FileMeta

File Identity and Metadata Project
by Brandt Redd

&name=”MetaTag Specification”
&version=1.2-beta.2
&author=”Brandt Redd”
&datePublished=2022-10-17
&license=https://creativecommons.org/licenses/by/4.0/
&description=”A specification for embedding metadata in any text stream much as hashtags are used in social media.”
&url=http://www.filemeta.org/MetaTag

MetaTags

There are times when it is helpful to add arbitrary metadata to text when the medium doesn’t make a specific provision for it. Perhaps the needed metadata field hasn’t been defined on that medium or perhaps the medium doesn’t support metadata at all.

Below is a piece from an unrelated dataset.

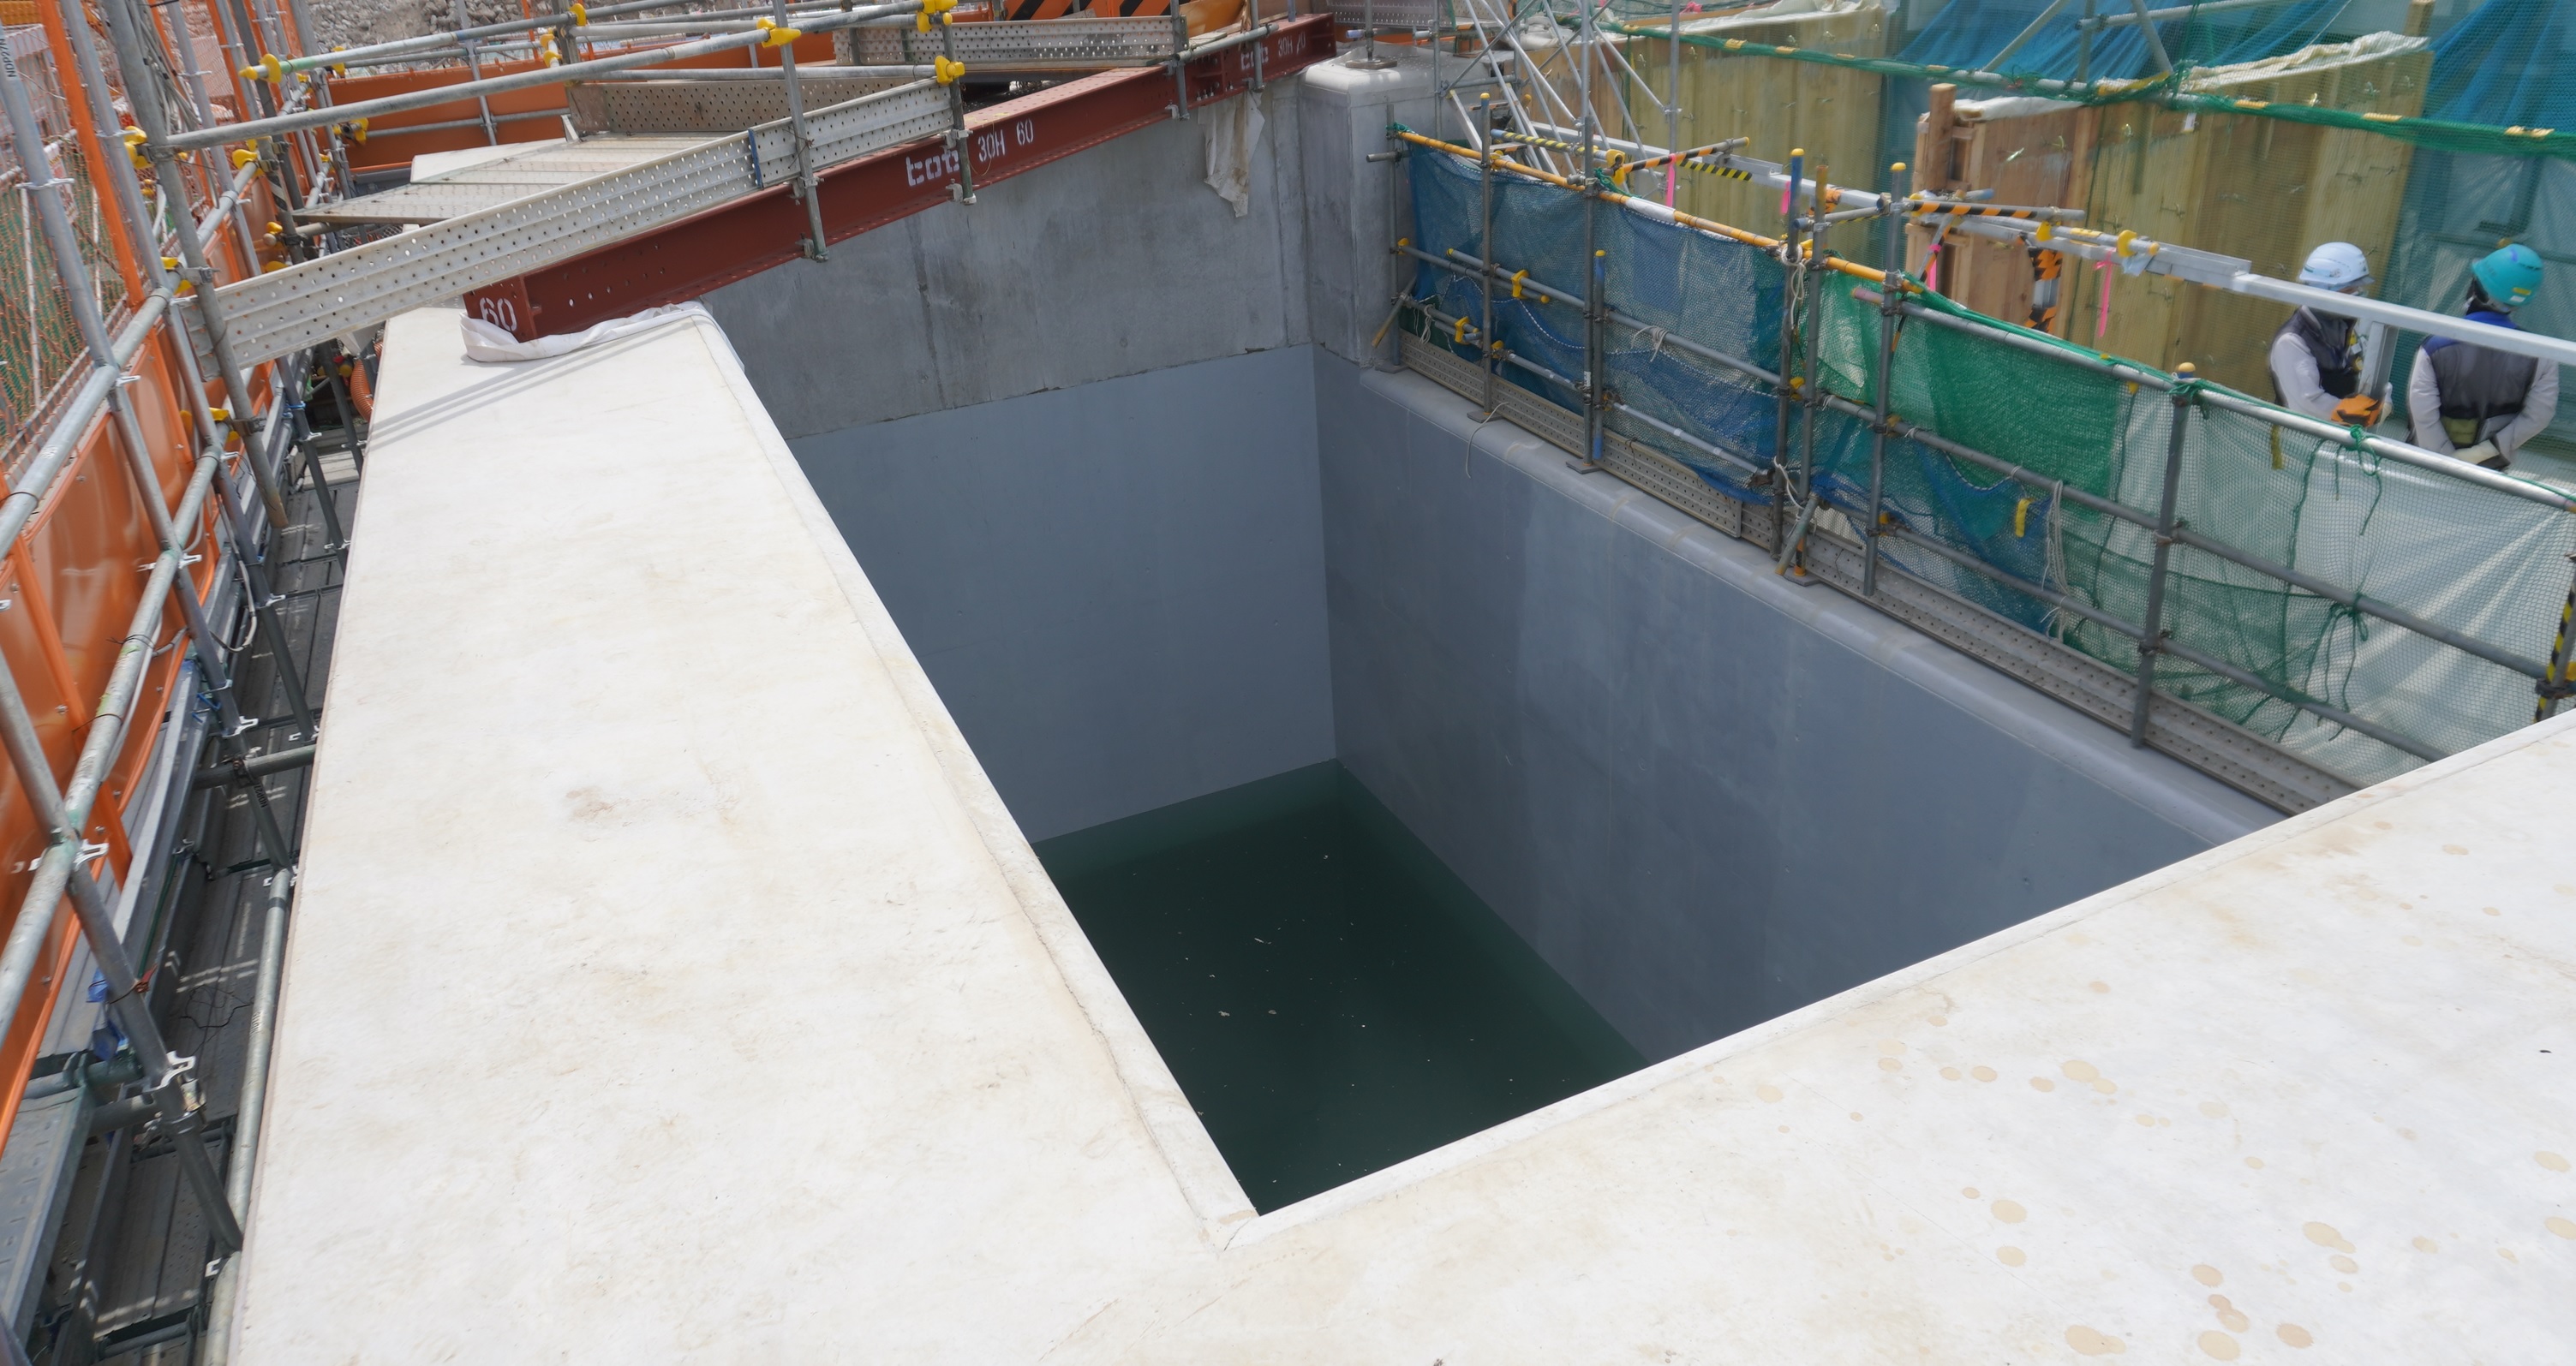 Down-stream storage after completion of water filling
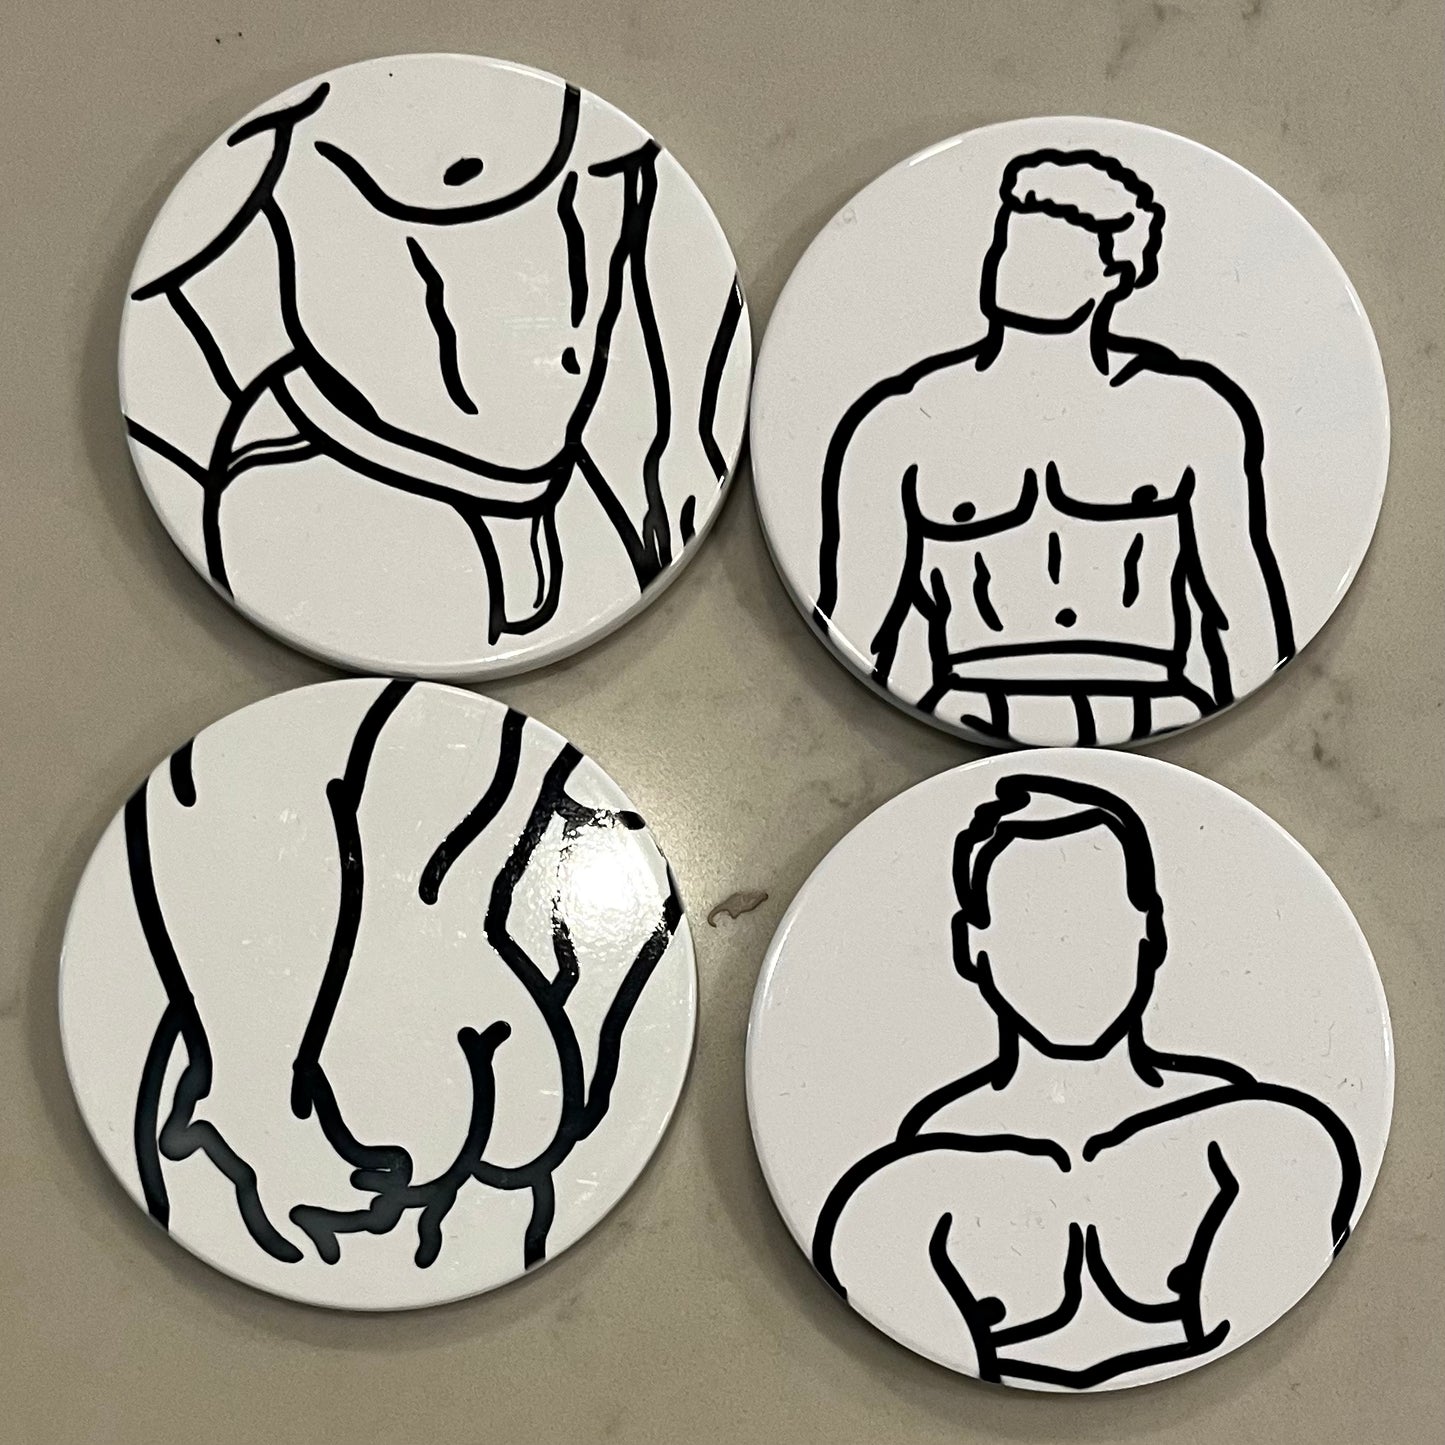 Imperfect Coasters - Sets of 4

The hashtag already fills this need for keywords, but that’s only one of many valuable metadata tags. For example, it may be appropriate to specify the source of some content, or the relevant date, or the copyright license in a form that can be interpreted and indexed by computer.

A metatag is like a hashtag in that it can be embedded wherever text is stored. However, a metatag has both a name and a value. Thus, metatags allow custom metadata properties to be stored in existing text or textual fields such as comments.

An important use case is embedding metadata in source code. MetaTags can be placed in a comment at the beginning of a source code file. Some programming languages have a metadata syntax. For example, C# has attributes that can be applied to classes, methods, properties, etc. However, metatags represent metadata about the source code file rather than the code structure. Thus, they are the right way to represent authorship, copyright info, licensing, and related information. (See the CodeBit Specification.)

Example Metatags

&author=Brandt
&subject="MetaTag Specification"
&comment="The term ""MetaTag"" is defined in this document."
&datePublished=2018-12-17T21:22:05-06:00
&license=CC-BY
&references=https://en.wikipedia.org/wiki/Metadata

Basic Format Definition

MetaTags may be embedded in any text string or stream with any character encoding. This specification treats the text as a series of Unicode characters without regard to the underlying encoding (UTF-8, UTF-16, US-ASCII, etc.).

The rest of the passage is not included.